Procurement System Ripe for Exploitation
Research indicates that China's public procurement processes remain vulnerable to manipulation despite strengthened regulations. Local officials often award contracts based on personal connections rather than merit, while technical evaluation criteria can be tailored to favor predetermined winners.
"There are multiple failure points in the system," explained an economist specializing in public finance at a leading Chinese university. "Tender specifications can be written so narrowly that only one supplier qualifies, evaluation committees can be stacked with friendly reviewers, and oversight bodies may lack technical expertise to spot inflated prices for specialized equipment."
The university router case stands out for its audacity—the chosen product was not obscure specialty equipment but a common consumer device easily price-checked online. That such an obvious fraud progressed so far through approval channels suggests either remarkable incompetence or deliberate complicity at multiple levels.
International Reputation at Stake
Corruption in procurement extends beyond China's borders through initiatives like the Belt and Road program. In November 2024, a Chinese-renovated railway station in Novi Sad, Serbia, collapsed, killing 15 people. Subsequent investigations revealed substandard construction practices and opaque contractor relationships, triggering protests and damaging China's reputation as a development partner.

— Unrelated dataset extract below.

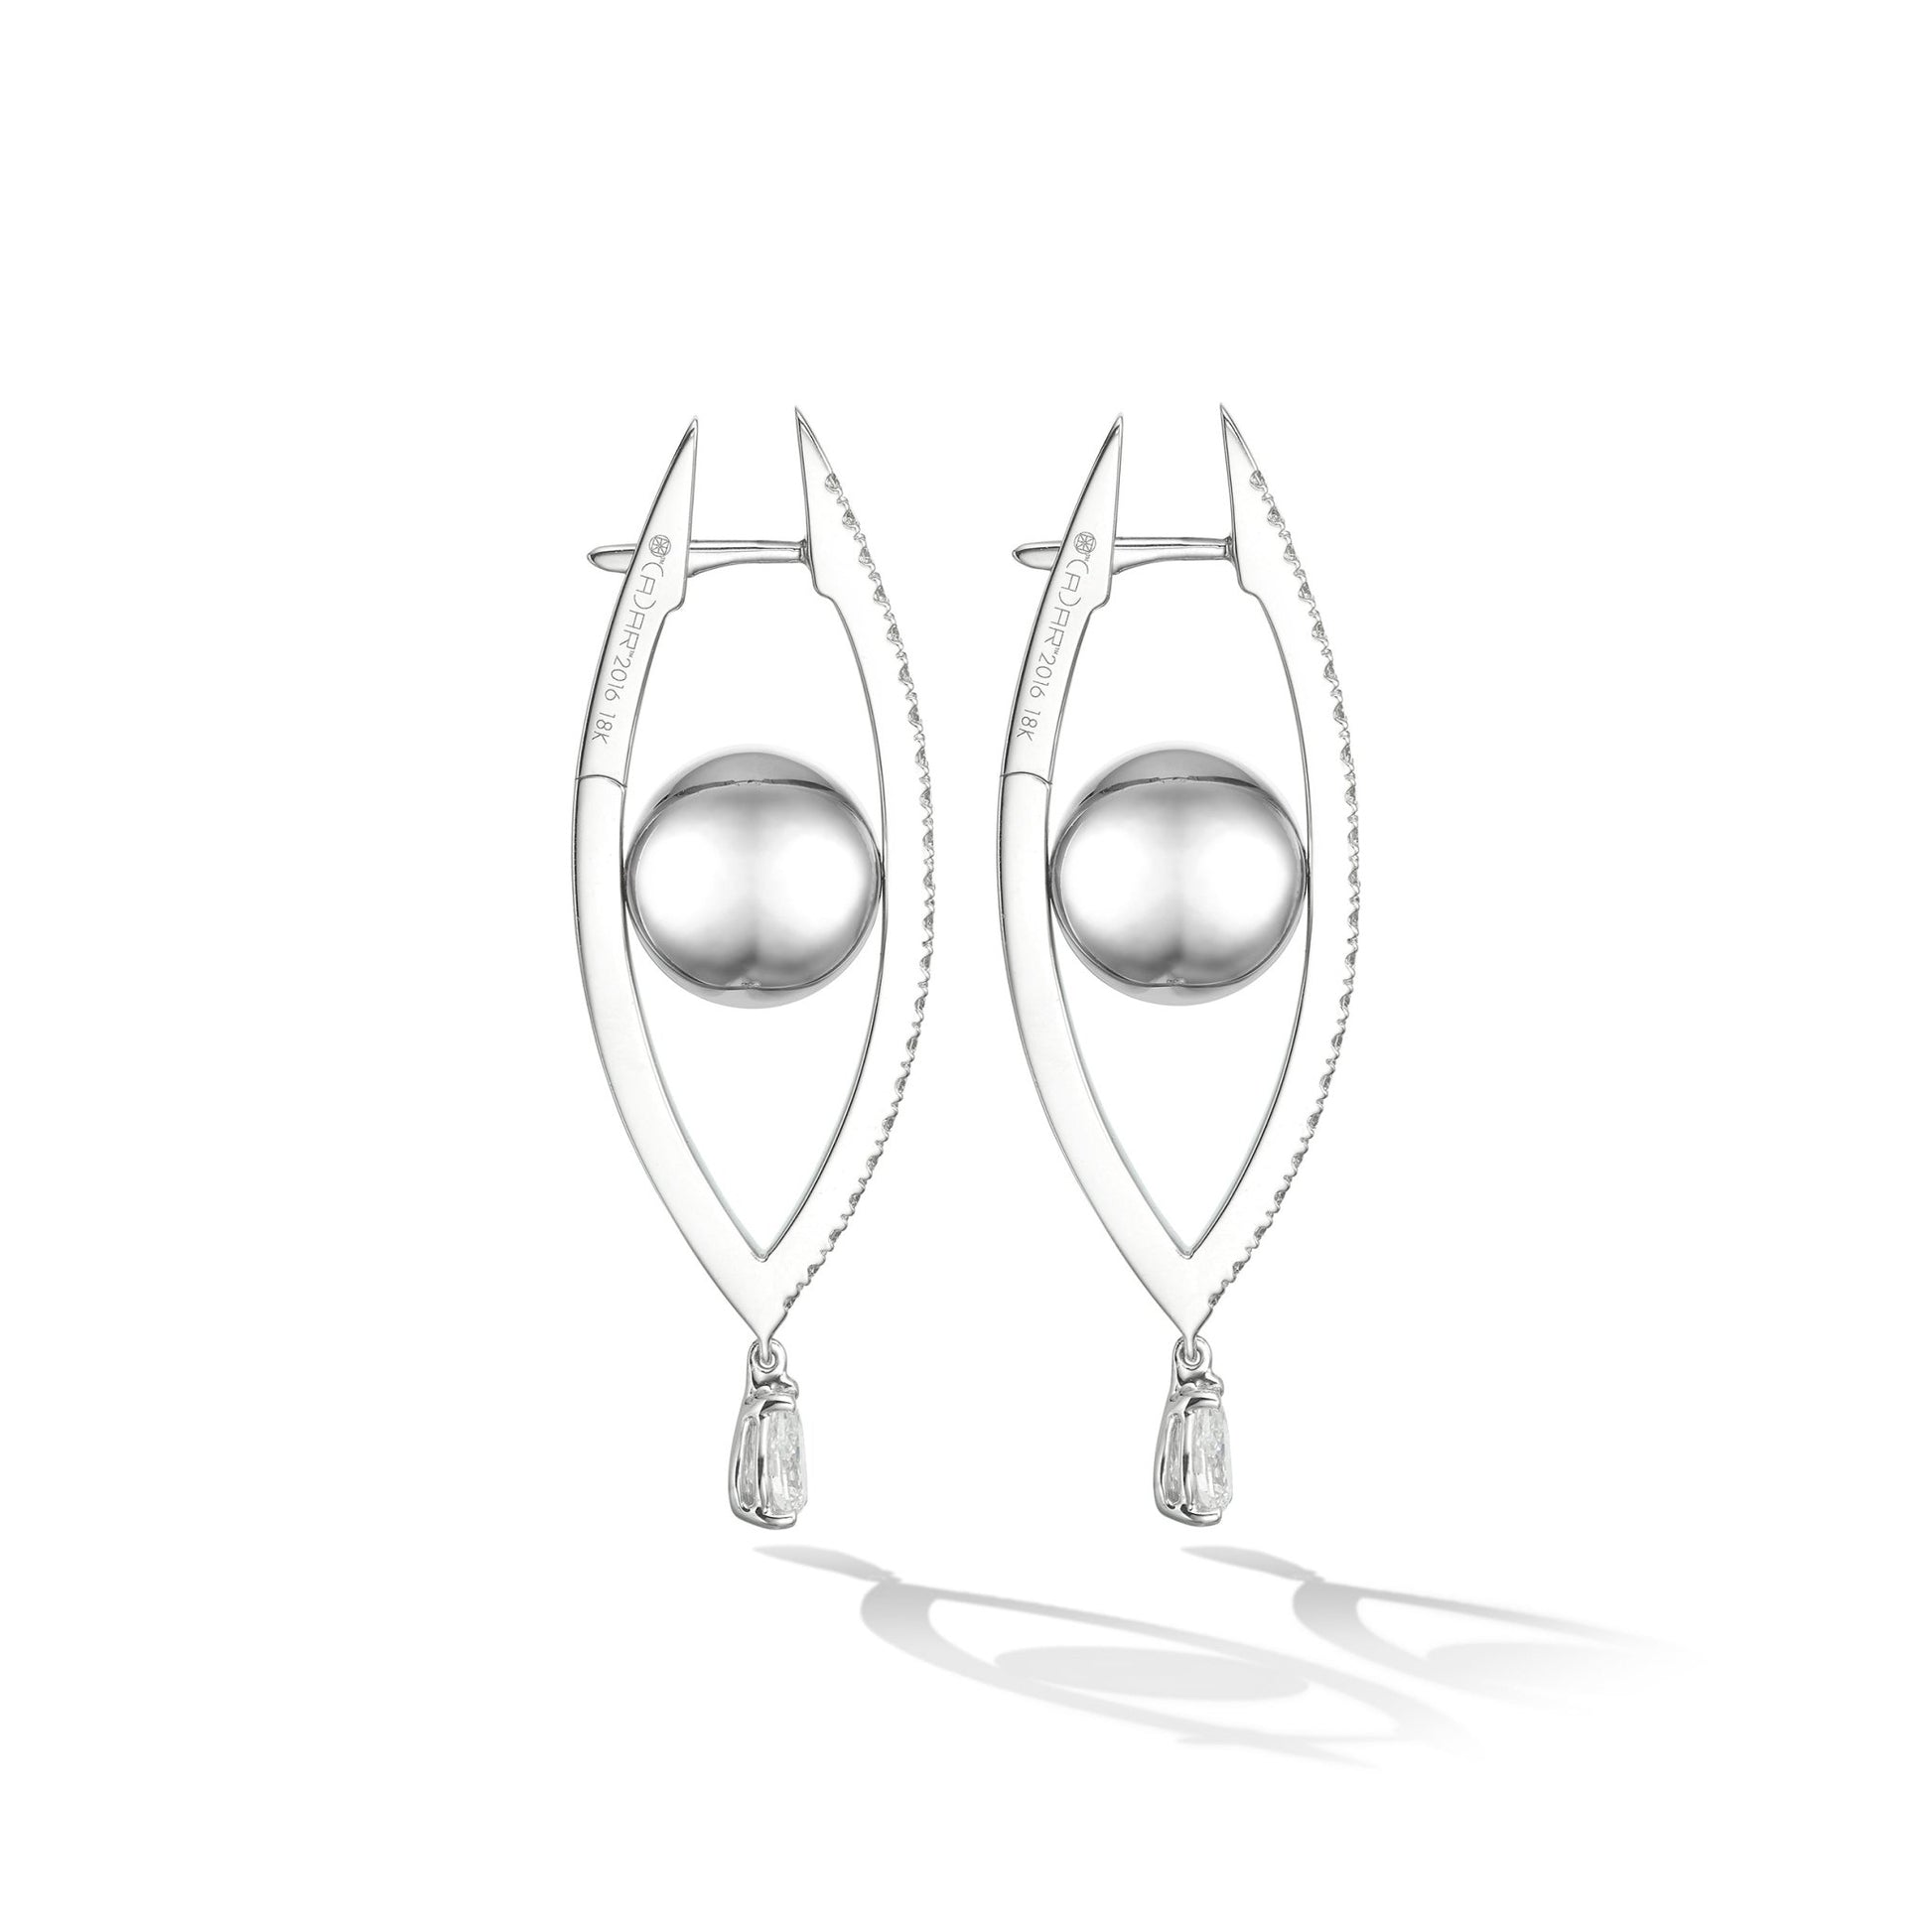 Medium White Gold Reflections Hoop Earrings with White Diamonds - Cadar

"When domestic procurement oversight fails so spectacularly, as in the Three Gorges University case, it raises valid concerns about how rigorously China monitors projects abroad," said an international development consultant with extensive experience in Asia.
Moving Forward Amid Entrenched Challenges
Despite Xi Jinping's high-profile anti-corruption campaign, cases like the Chongqing router scandal demonstrate how deeply entrenched the problem remains. The Central Commission for Discipline Inspection continues investigating and prosecuting corruption cases at unprecedented rates, yet fundamental systemic vulnerabilities persist.
The university has promised to "restart the procurement process," but observers note that meaningful reform requires addressing structural issues, including inadequate transparency, insufficient technical oversight, and entrenched patronage networks that circumvent formal procedures.
"Simply catching and punishing individuals after the fact isn't enough," observed a retired procurement official. "The system itself requires comprehensive redesign, with real-time price comparisons, independent technical review panels, and protection for whistleblowers who spot irregularities."
As this case unfolds, it serves as a stark reminder that despite years of anti-corruption rhetoric and campaigns, the mechanisms that enable public fund misappropriation continue to operate, occasionally exposed by nothing more sophisticated than a simple online price check by attentive citizens.